SHEPLEY, M. G. & SOLEY, R. W. N. The use of groundwater levels and numerical models for the management of a layered, moderate-diffusivity aquifer

DAILY, P. J. J., RILEY, J. J., SHEPLEY, M. G. & BUSS, S. R. Simulation of a water transfer tunnel at catchment scale in the Permo-Triassic Sandstone aquifer, UK

GELLATLY, S. C., RAYNOR, M. E., GREEN, C. J. E. & NEVE, P. S. Using and refining an existing regional groundwater model to assess the impacts of an abstraction on a nearby wetland

BLACK, G. E. & BLACK, A. D. PEST controlled: responsible application of inverse techniques on UK groundwater models



Review by Yongxin Xu, Y. Xu

Institute of Karst Geology, Chinese Academy of Geological Sciences, Guilin, China

Featured in Hydrogeology Journal DOI 10.1007/s10040-013-0954-7

The types of books that hydrogeologists often come across range from purely research monographs to text books, to conference proceedings. What the London Geological Society offers in its special publication 364 (the subject book, Shepley et al. 2012) summarizes and highlights the experiences of some 20 years of groundwater modelling in England and Wales (UK), and Scotland to a lesser extent, at both regional and local scales.

The publication is an exemplary addition to the much-needed testimony of numerical-modelling applications.

One of the best things about this book is that a useful guide to stakeholder engagement is offered to get model results used. The models were generally built by consultants with technical steering by Environment Agency staff and external peer review, either by independent senior consultants or academics. Stakeholders such as the privatised water companies, duly participated in the processes to develop the models. The importance of providing a wider access to the models is equally reflected and stressed in the book.
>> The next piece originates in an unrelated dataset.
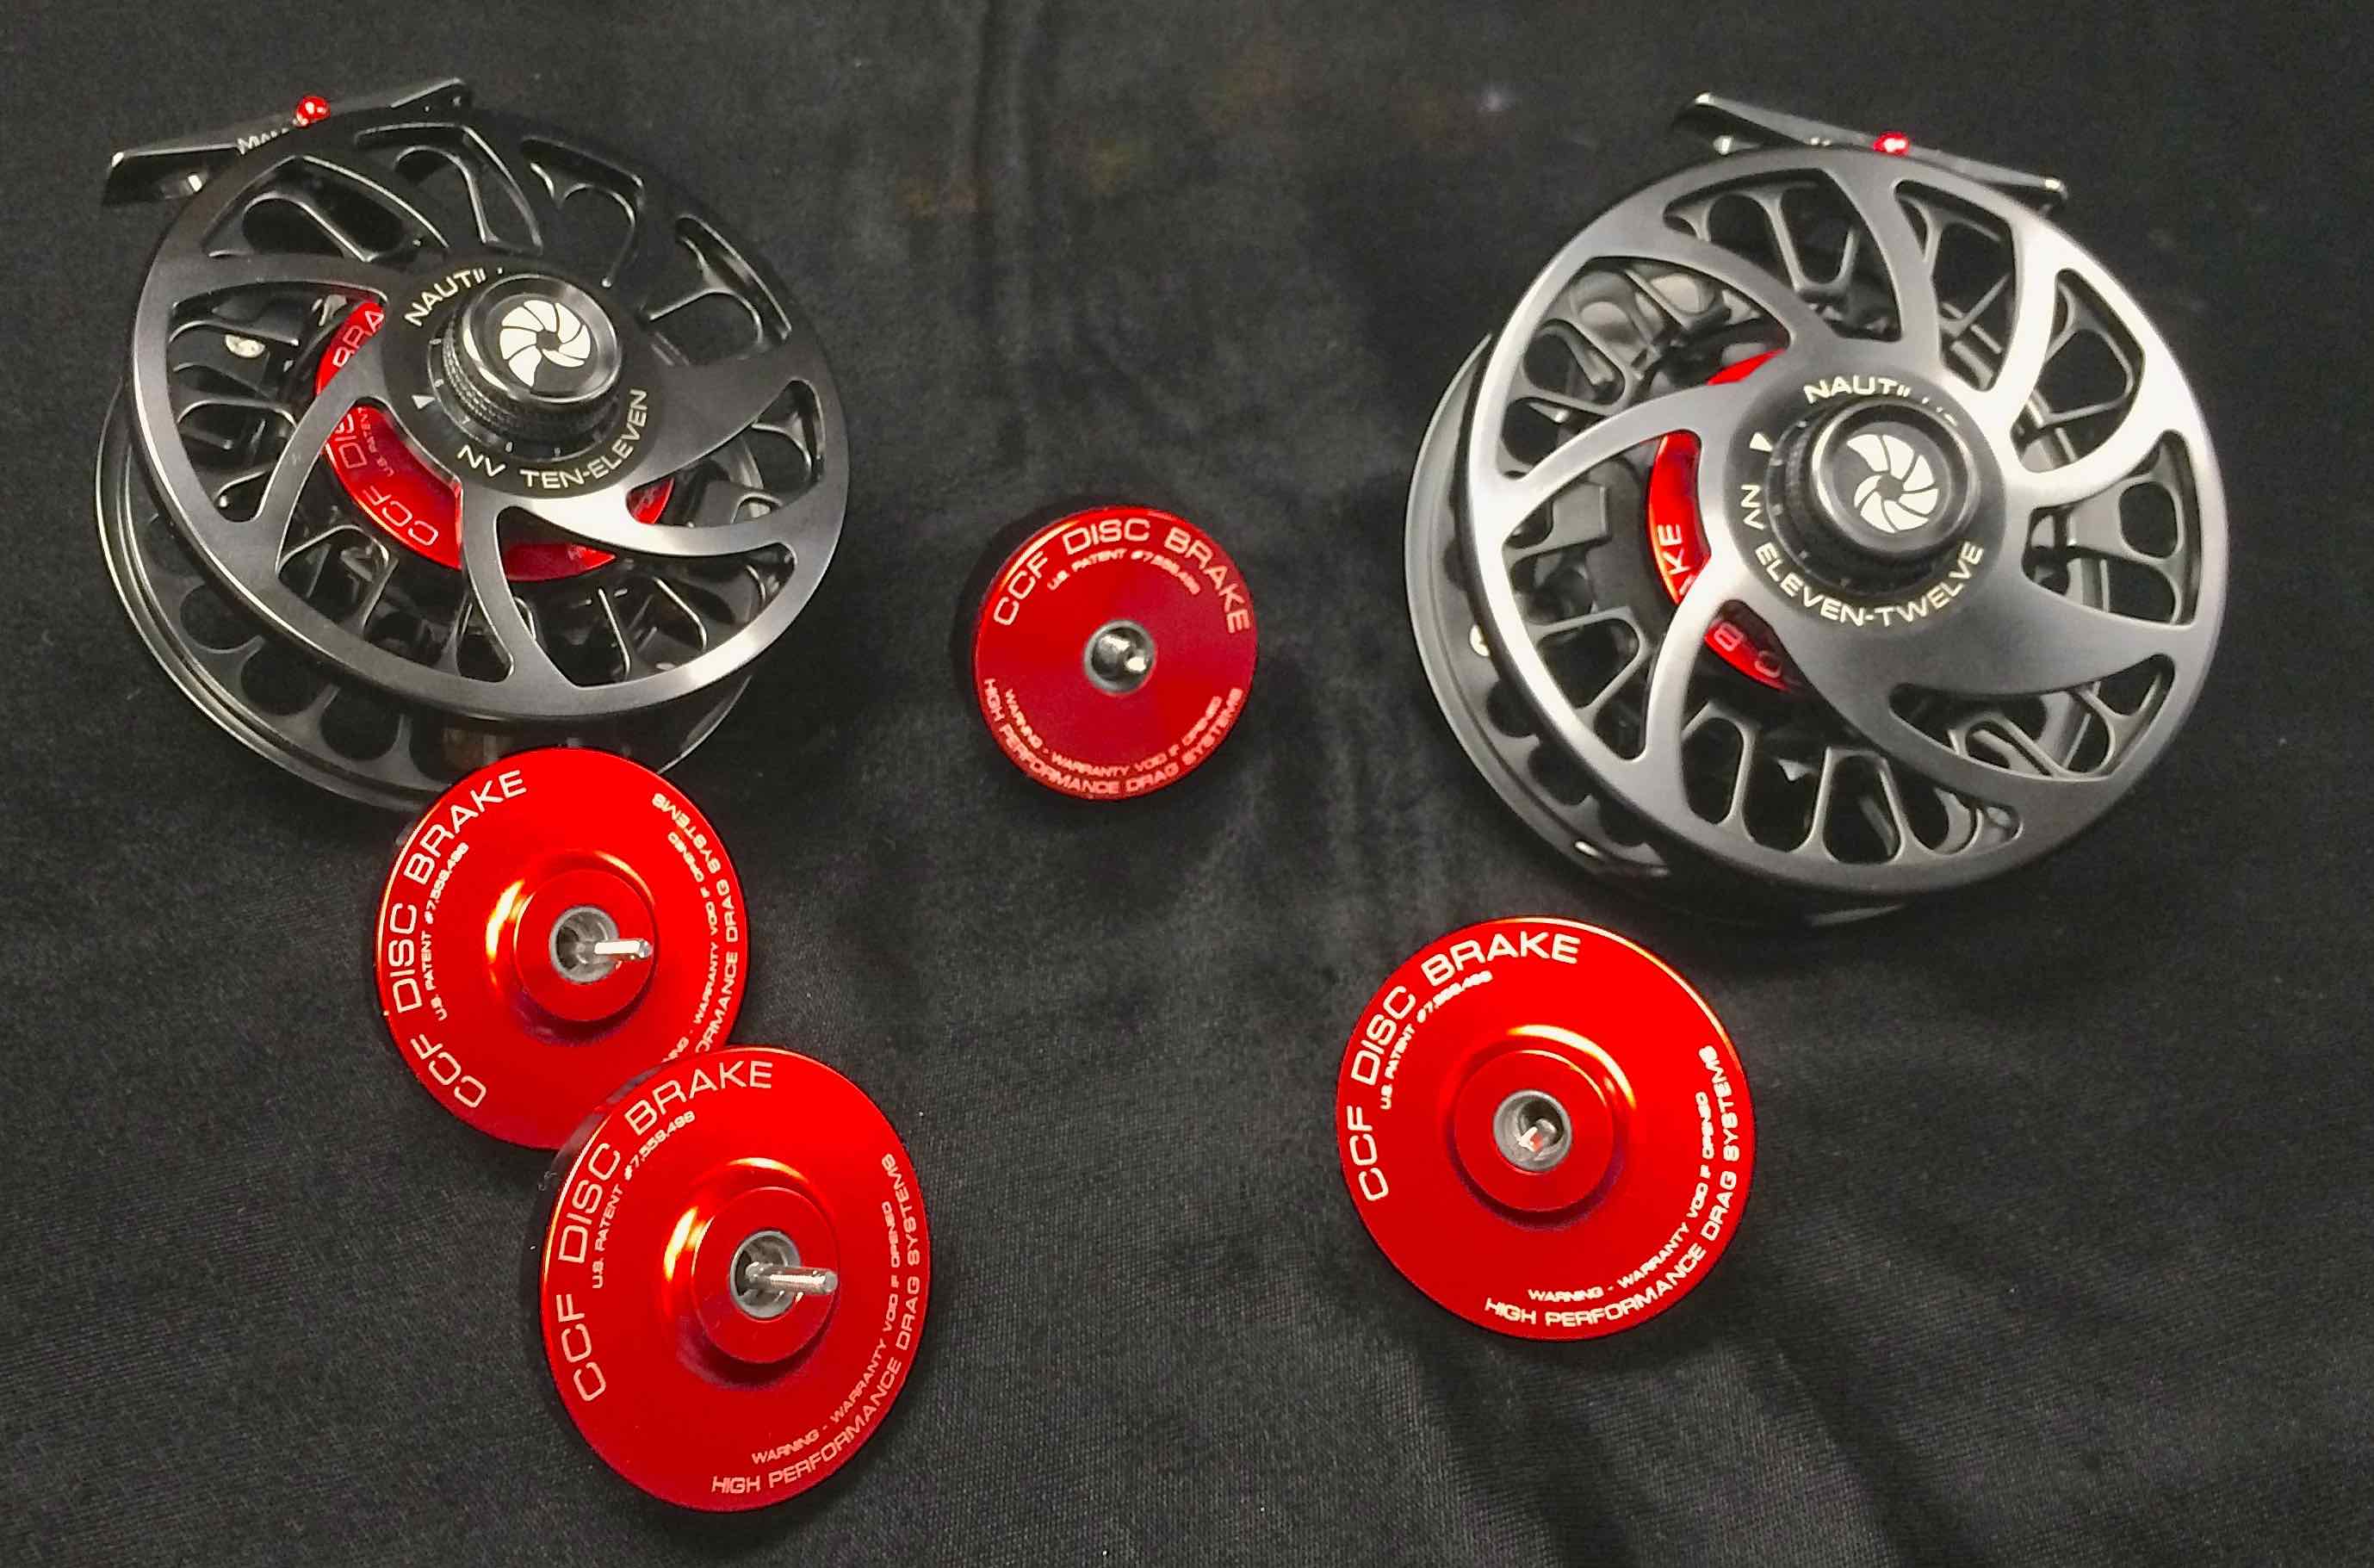 Nautilus X-Series XL Max Fly Reel – The First Cast – Hook, Line

This makes the book an excellent reference for modellers and practising hydrogeologists, water engineers, ecologists and town planners to consult in their endeavours to capitalise on groundwater numerical simulations.

Review by Robert E. Mache

Featured in Vol. 51, No. 4–Groundwater–July-August 2013

This book (Shepley et al. 2012), a collection of papers written specifically for this volume, provides not only case studies of individual groundwater modelling efforts, but also an important case study of an overall effort to model a nation’s aquifers. I read this book with great personal interest because I have been involved with a similar modelling program in Texas.

The editors were closely involved in the national effort; therefore, they were well-positioned to coordinate and deliver a thorough and well-documented product. The documentation of efforts such as this is invaluable for guiding others down a similar path. The book does a great job of detailing how the Environmental Agency conducted its project management, including developing the project framework and identifying major tasks and deliverables.
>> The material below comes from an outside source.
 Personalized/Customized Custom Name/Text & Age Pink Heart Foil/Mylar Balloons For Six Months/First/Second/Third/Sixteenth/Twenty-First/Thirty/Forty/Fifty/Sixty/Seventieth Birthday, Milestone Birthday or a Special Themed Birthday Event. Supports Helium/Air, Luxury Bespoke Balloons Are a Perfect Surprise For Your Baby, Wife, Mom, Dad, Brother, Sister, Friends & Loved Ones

This slightly less than 400-page hardcover book is well put together: nicely edited with clear graphics, many in colour. My only quibble is that the organization of the papers after the first five is a bit unclear and, therefore, seemingly random. Nevertheless, anyone interested in putting together a large-scale modelling effort, learning about the art of modelling, or simply knowing more about the hydrogeology of the United Kingdom will find the book invaluable.